After consuming half the bottle, you should be leaning over the toilet, not sitting on it.


----------



## Trenton Romulox (Jan 19, 2008)

It's interesting, but I don't really understand. And on top of that, I don't like how the toes on the left foot are cut off, and there just isn't any pop in the shot. Certainly interesting though.


----------



## kundalini (Jan 19, 2008)

MaxBloom said:


> After consuming half the bottle, you should be leaning over the toilet, not sitting on it.


 
Disaronno is only 28%.  When the bottle is finished, you are more likely to be leaning over the toilet from the sheer sweetness of the drink rather than the alcohol.

Funny shot.


----------



## Sw1tchFX (Jan 19, 2008)

what's the context here? what's the 'censored' for?


----------



## cyberean (Jan 20, 2008)

i like the concept ...
but would have preferred 
some color here.


----------



## SLAiPS (Jan 20, 2008)

Sw1tchFX said:


> what's the context here? what's the 'censored' for?

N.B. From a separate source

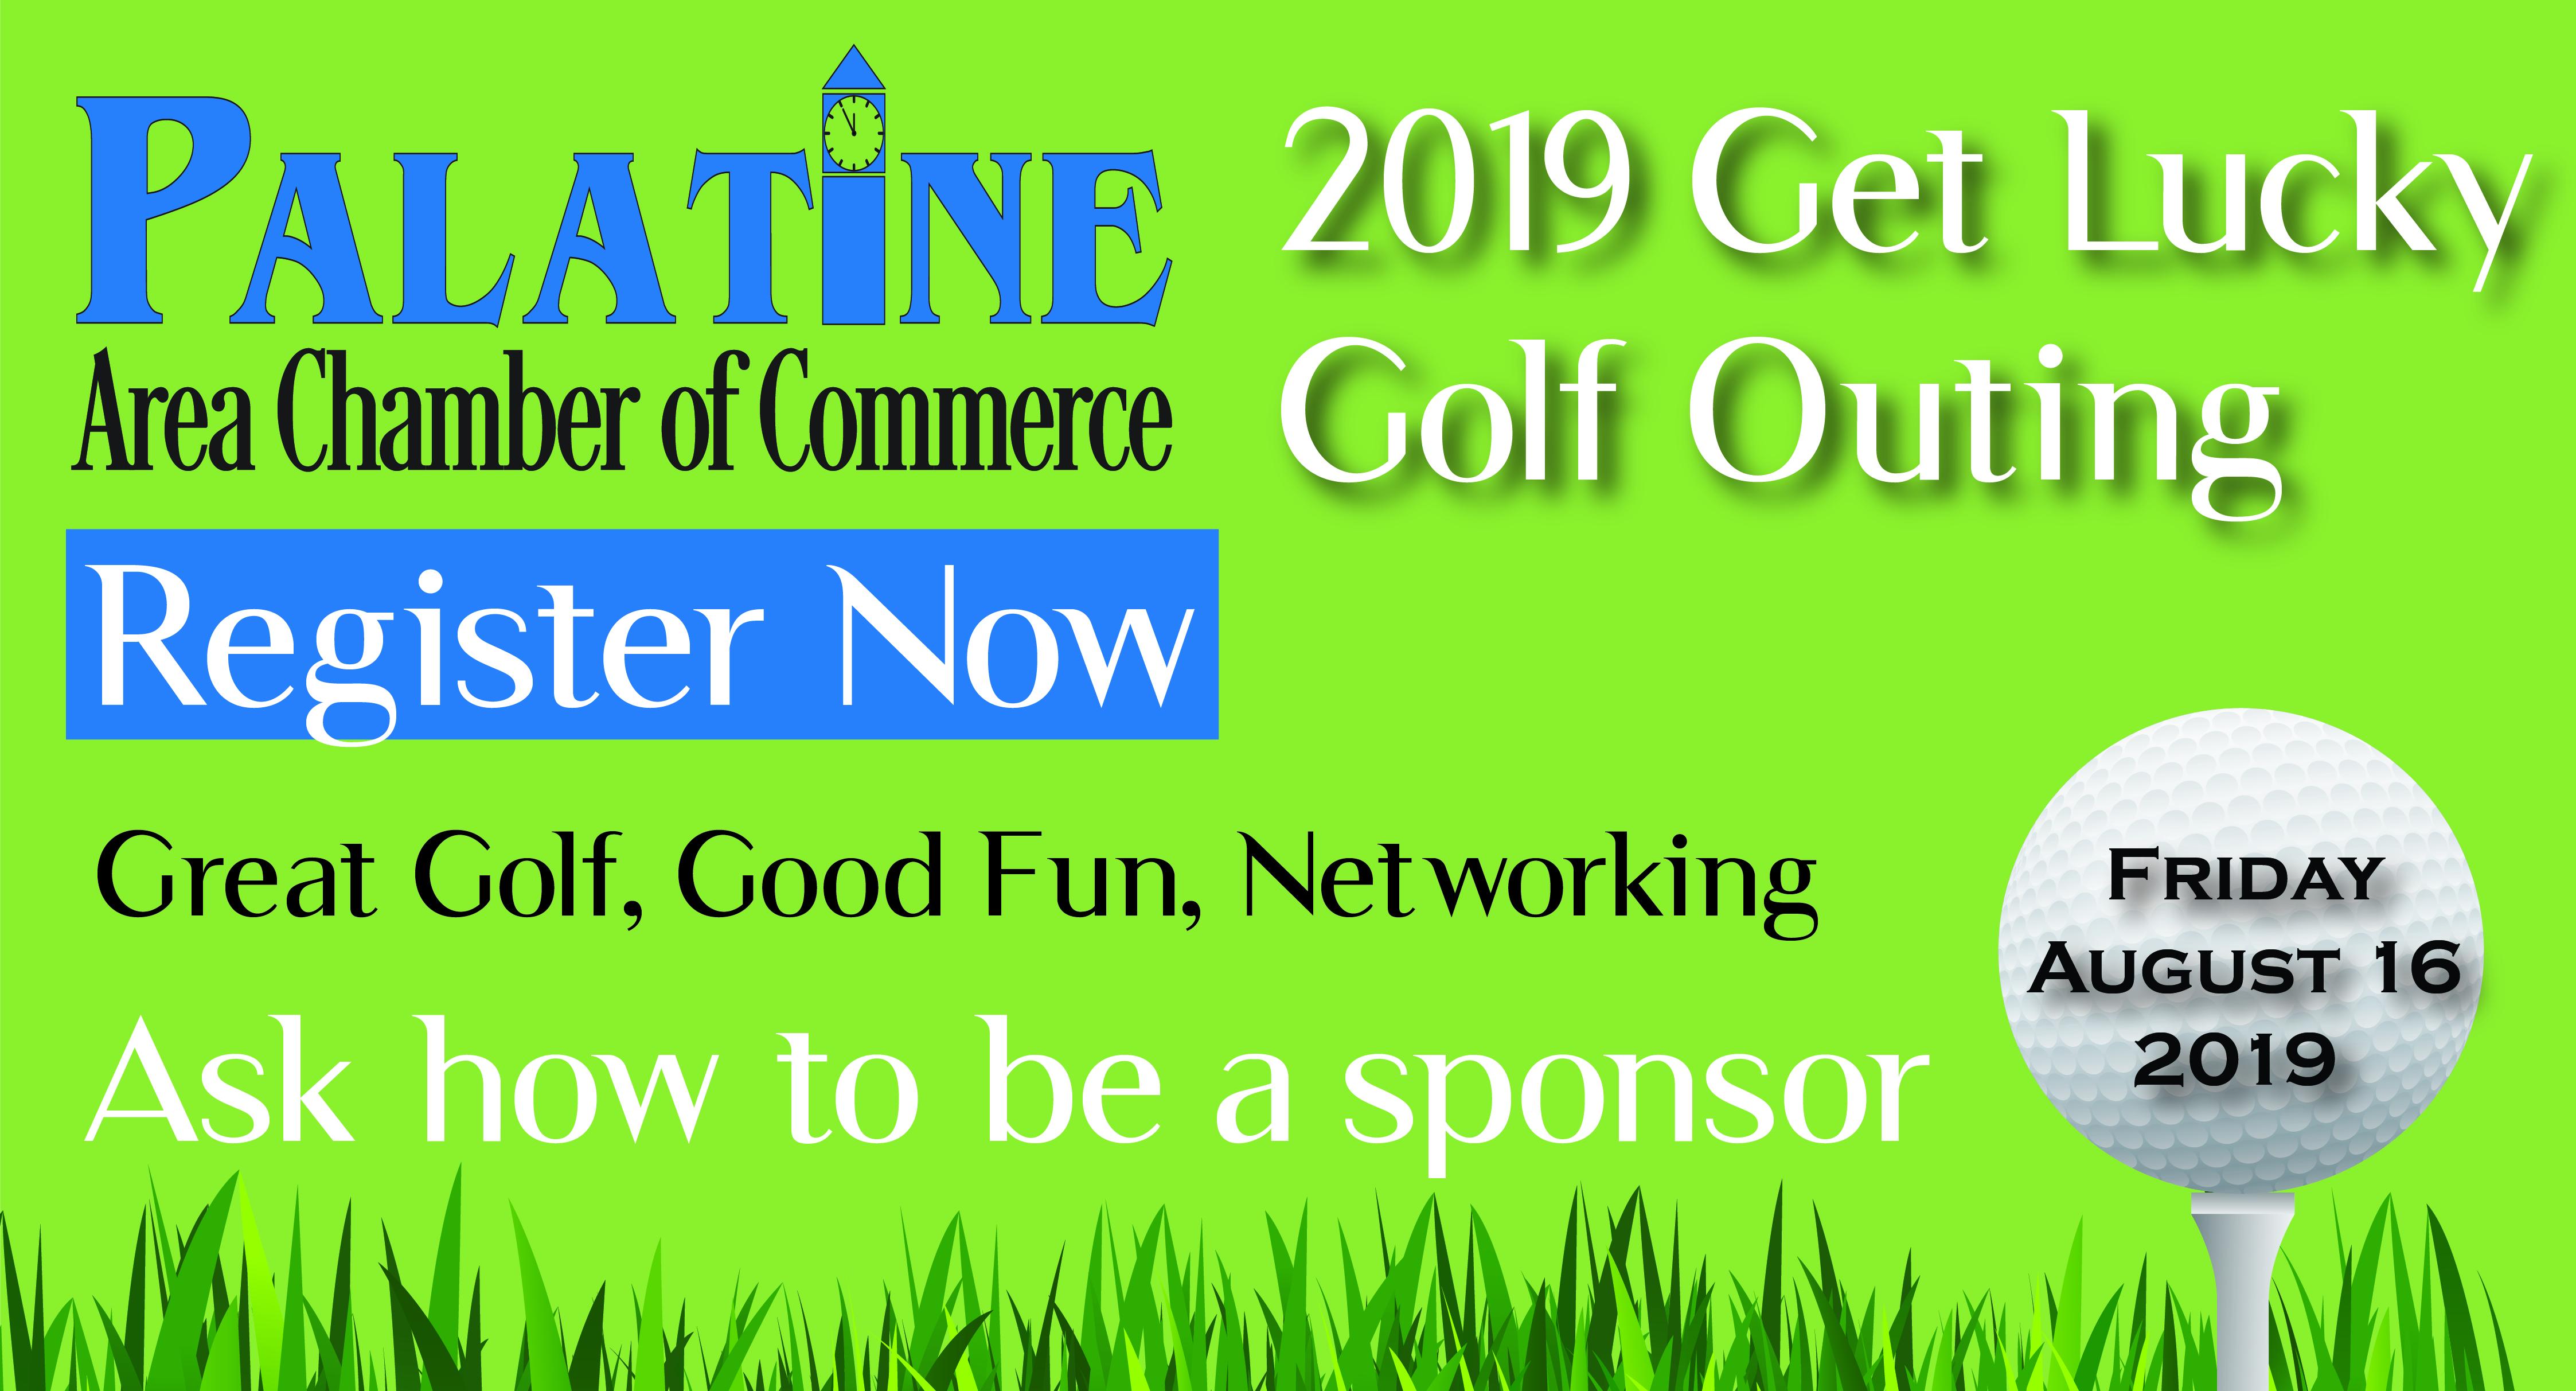 Golf-Slider-2019-01.jpg

This photography was made during one of the photocross plays, the subject was "Censored"


----------



## Sw1tchFX (Jan 20, 2008)

SLAiPS said:


> This photography was made during one of the photocross plays, the subject was "Censored"


ok, because as is..:???:


----------



## shorty6049 (Jan 20, 2008)

i like it becasue its definately different and not your typical shot, but i'd rather see it in color


----------



## jasonkt (Jan 20, 2008)

I like the picture and concept overall.  Drinking room temperature disaronno in the bathroom with your pants down...censor worthy.  

Not sure about the composition, I think it could be better, my eye seems to wander towards the edges and to me, the water valve behind the toilet is a little distracting as it comes out the side of the amaretto bottle.  The censored label is also a little bright I think.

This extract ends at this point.